Answer :
Sure! To convert the scientific notation [tex]\(8.305 \times 10^{-7}\)[/tex] into standard notation, follow these steps:
1. Understand Scientific Notation: The expression [tex]\(8.305 \times 10^{-7}\)[/tex] means you take the number 8.305 and multiply it by 10 raised to the power of -7.
2. Move the Decimal Point: The power of -7 indicates that you move the decimal point 7 places to the left. Because it's a negative exponent, the number will become smaller.
3. Counting Zeros: Start with the number 8.305:
- Moving the decimal 1 place to the left gives 0.8305.
- Move 1 more place to the left each time, which means adding zeros before it until you have moved 7 places in total.
4. Result: After moving the decimal point 7 places to the left of the original number, you get 0.0000008305.
So, [tex]\(8.305 \times 10^{-7}\)[/tex] written in standard notation is [tex]\(0.0000008305\)[/tex].

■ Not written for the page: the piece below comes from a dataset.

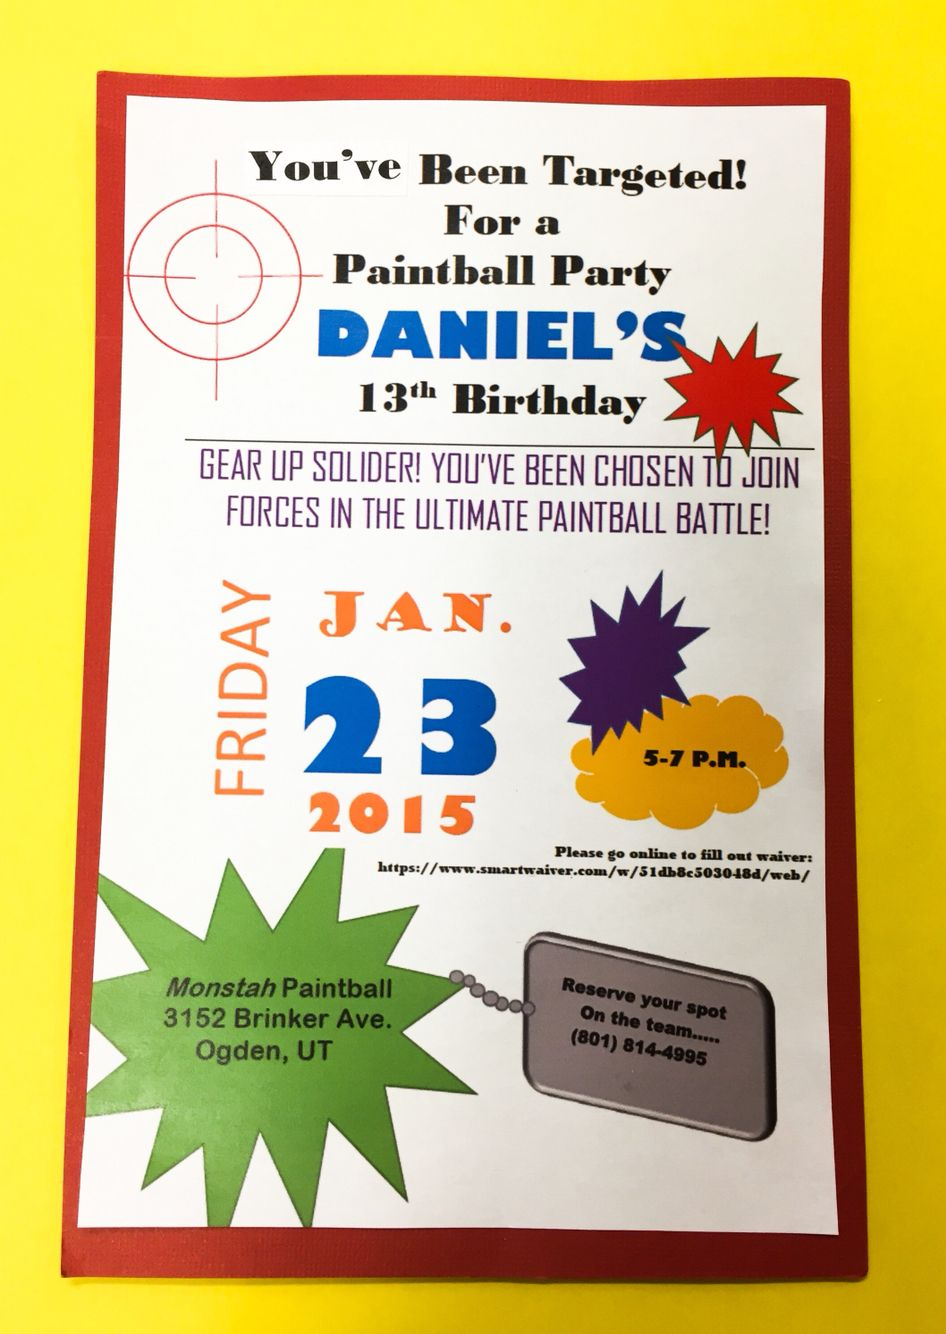 Paintball invite | Daniel\'s 13th Birthday-Paintball | Pinterest ...

1. Understand Scientific Notation: The expression [tex]\(8.305 \times 10^{-7}\)[/tex] means you take the number 8.305 and multiply it by 10 raised to the power of -7.
2. Move the Decimal Point: The power of -7 indicates that you move the decimal point 7 places to the left. Because it's a negative exponent, the number will become smaller.

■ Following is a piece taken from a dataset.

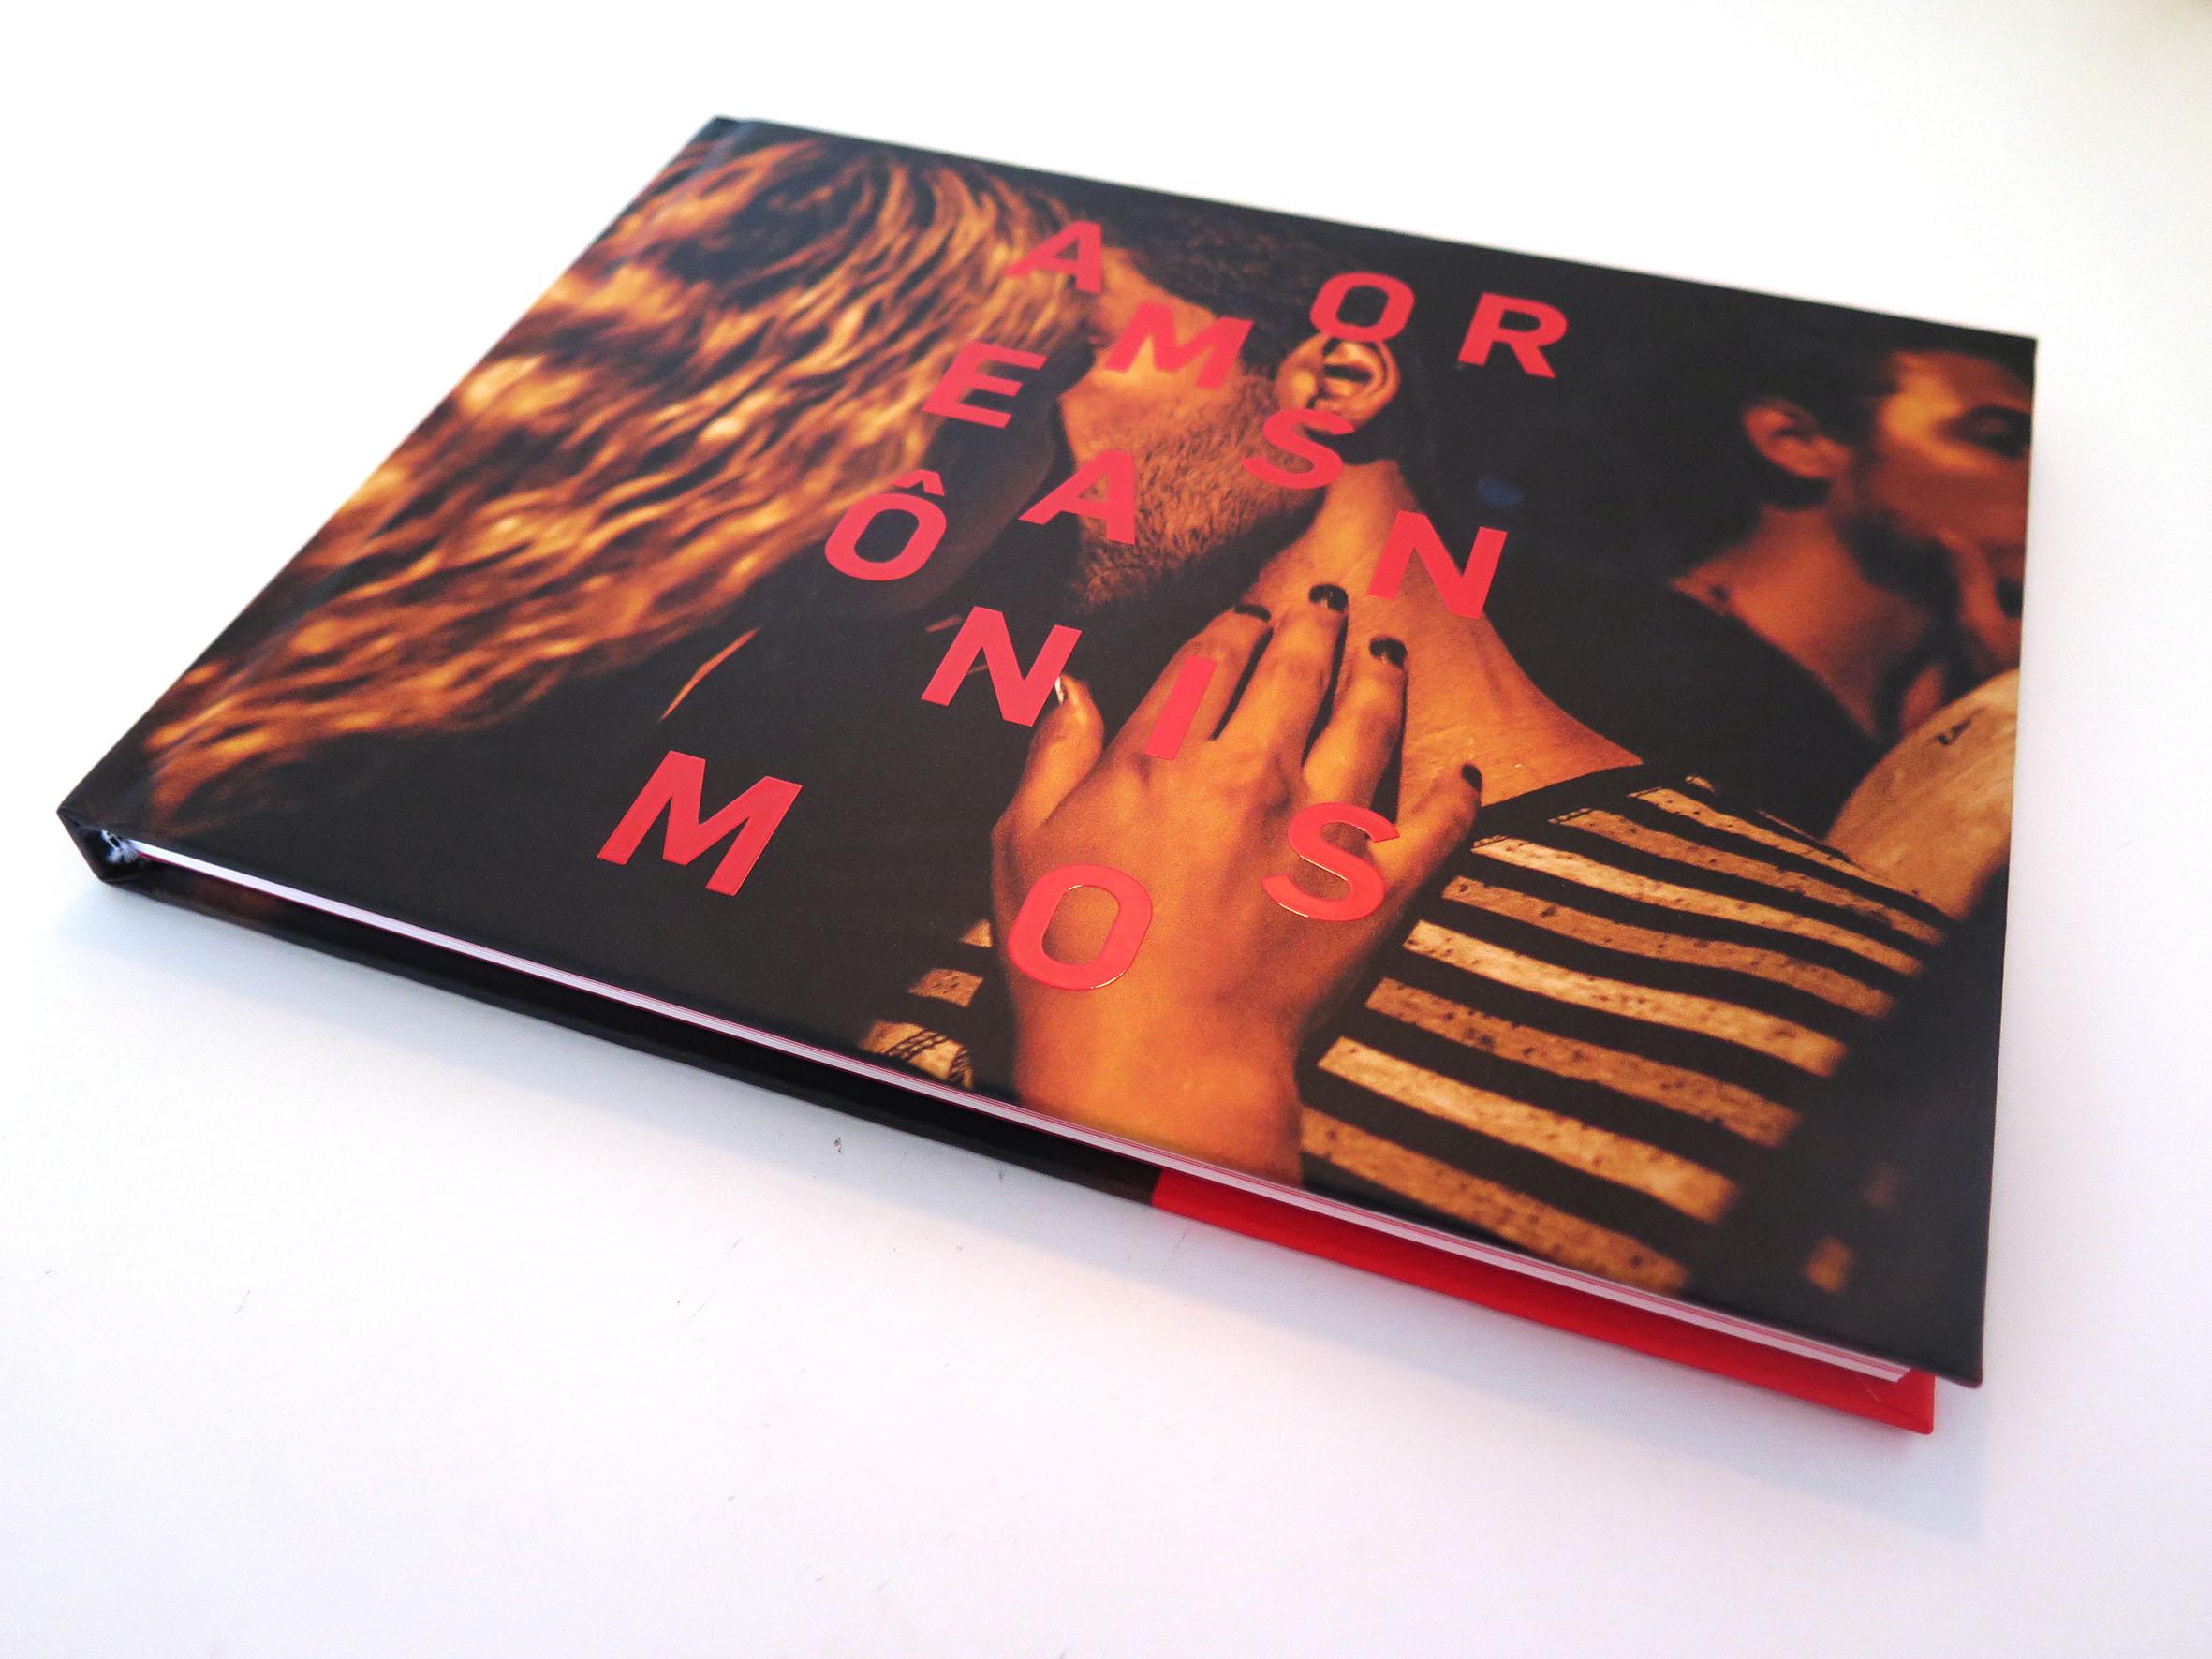 amoresanonimos-livro-amores-ano%cc%82nimos

3. Counting Zeros: Start with the number 8.305:
- Moving the decimal 1 place to the left gives 0.8305.
- Move 1 more place to the left each time, which means adding zeros before it until you have moved 7 places in total.
4. Result: After moving the decimal point 7 places to the left of the original number, you get 0.0000008305.
So, [tex]\(8.305 \times 10^{-7}\)[/tex] written in standard notation is [tex]\(0.0000008305\)[/tex].